Para-hyperKähler geometry of the deformation space of maximal globally hyperbolic anti-de Sitter three-manifolds
Filippo Mazzoli, Andrea Seppi, Andrea Tamburelli
TL;DR
This work constructs and analyzes a para-hyperKähler structure on the deformation space $\mathcal{MGH}(\Sigma)$ of maximal globally hyperbolic AdS 3-manifolds. It shows the structure consists of a neutral metric $\mathbf{g}$ together with a complex structure $\mathbf{I}$ and two para-complex structures $\mathbf{J},\mathbf{K}$ satisfying para-quaternionic relations, with the symplectic forms $\omega_I,\omega_J,\omega_K$ encoding AdS-geometric data.

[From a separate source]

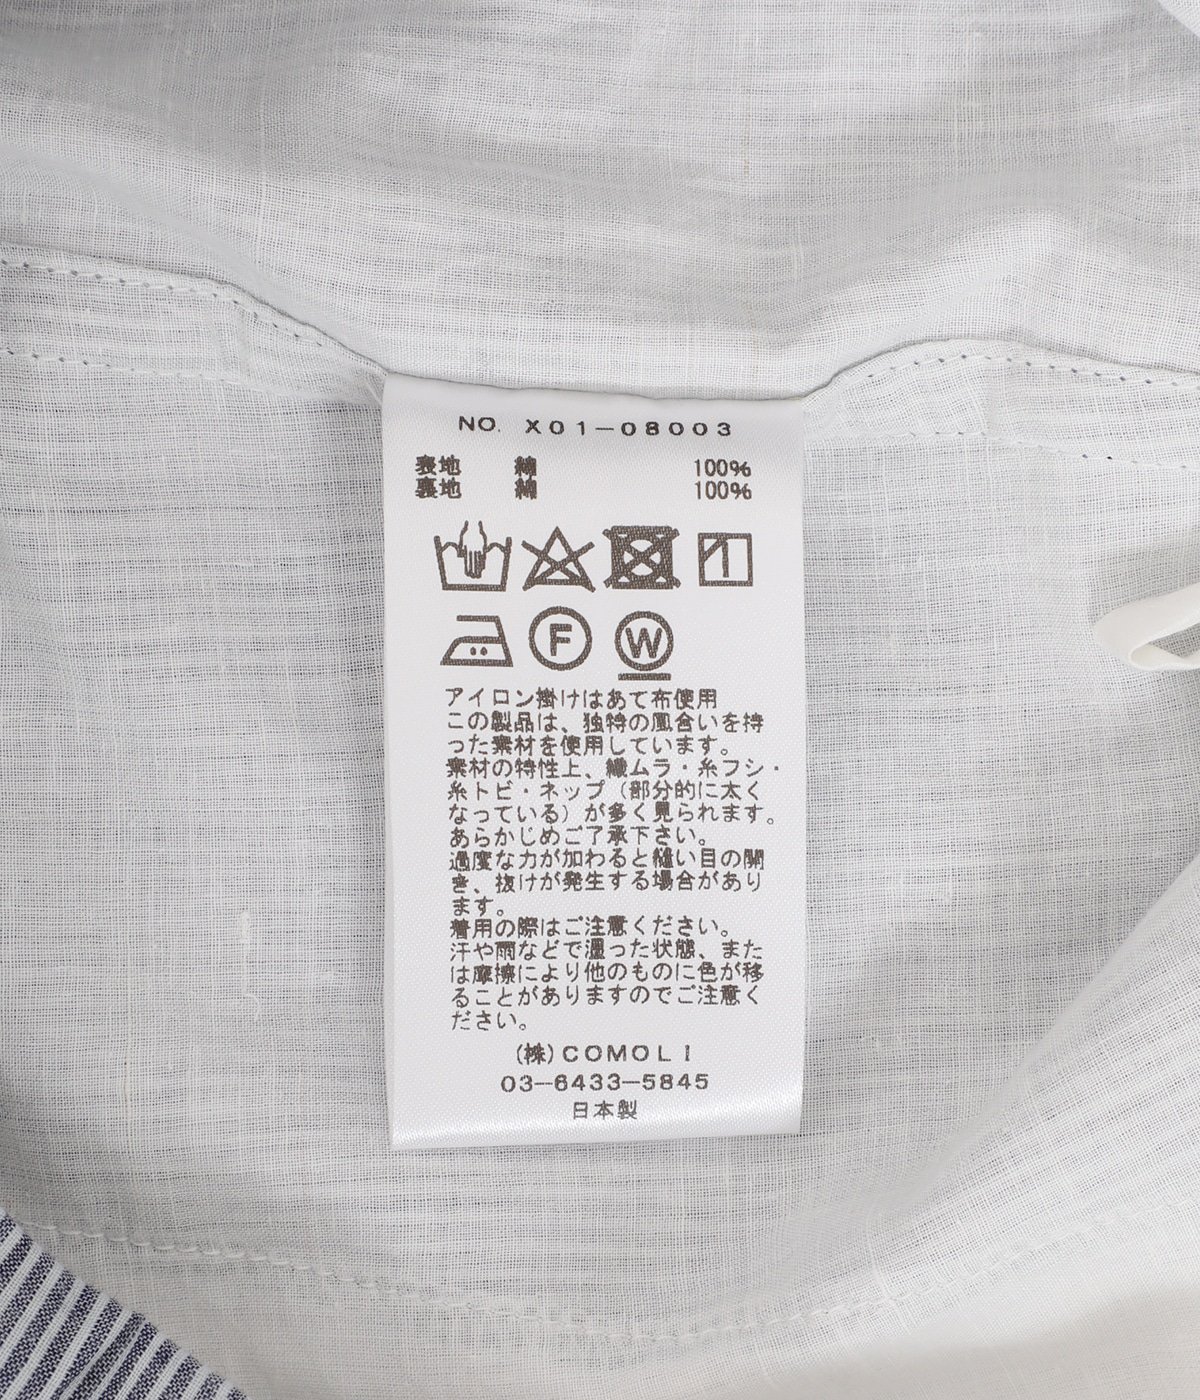 KHADIコットン パジャマ | COMOLI(コモリ) / ファッション雑貨 ナイト
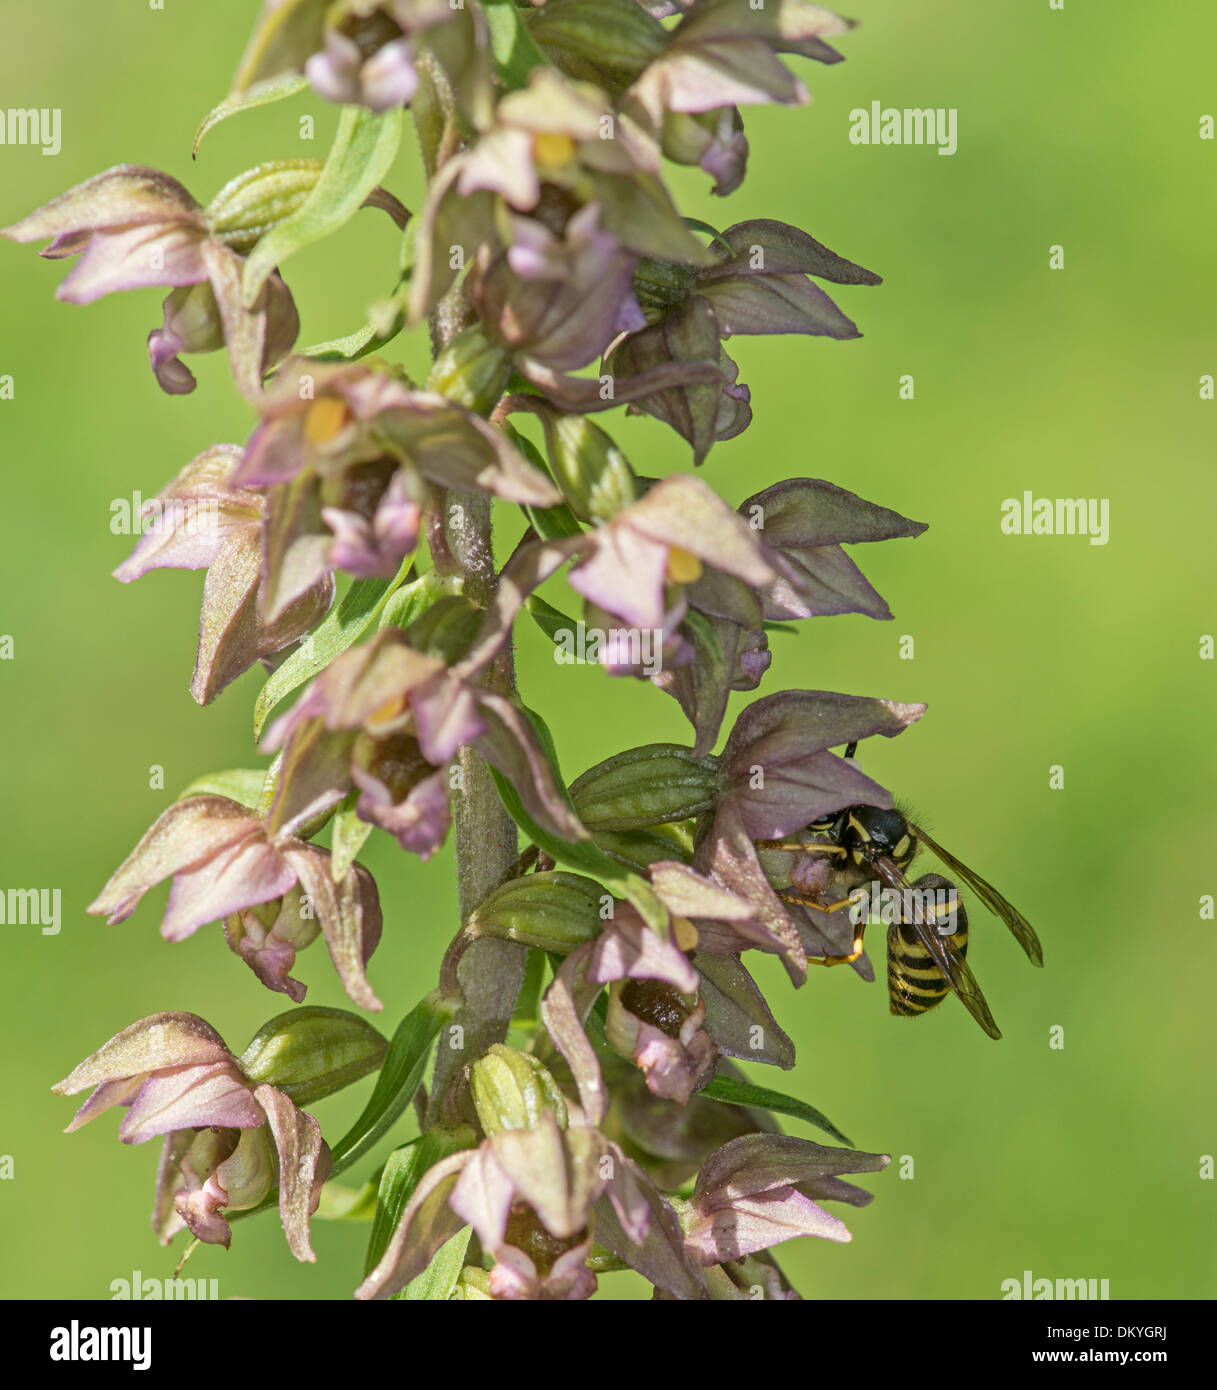 Wasp: Vespula sp. pollinating Broad Leaved Helleborine Orchid: Epipactis hellebore. Surrey, England. Stock Photo

The authors connect these structures to three different parameterizations of the MGHC space—Mess's left-right hyperbolic data, Krasnov–Schlenker's cotangent bundle picture, and $PSL(2,\mathbb{B})$-character varieties—via explicit maps and a genus-1 toy model that guides the higher-genus analysis. A key technical achievement is the introduction of an invariant distribution $V_{(J,\sigma)}$ on an infinite-dimensional model, enabling a rigorous reduction to the MGHC deformation space and establishing integrability and nondegeneracy of the para-hyperKähler data. The results elucidate the interplay between Teichmüller theory, Goldman's symplectic form in the para-complex setting, and circle actions, offering a coherent geometric framework for MGHC AdS manifolds and their moduli.
Abstract
In this paper we study the para-hyperKähler geometry of the deformation space of MGHC anti-de Sitter structures on $Σ\times\mathbb R$, for $Σ$ a closed oriented surface. We show that a neutral pseudo-Riemannian metric and three symplectic structures coexist with an integrable complex structure and two para-complex structures, satisfying the relations of para-quaternionic numbers. We show that these structures are directly related to the geometry of MGHC manifolds, via the Mess homeomorphism, the parameterization of Krasnov-Schlenker by the induced metric on $K$-surfaces, the identification with the cotangent bundle $T^*\mathcal{T}(Σ)$, and the circle action that arises from this identification. Finally, we study the relation to the natural para-complex geometry that the space inherits from being a component of the $\mathrm{PSL}(2,\mathbb{B})$-character variety, where $\mathbb{B}$ is the algebra of para-complex numbers, and the symplectic geometry deriving from Goldman symplectic form.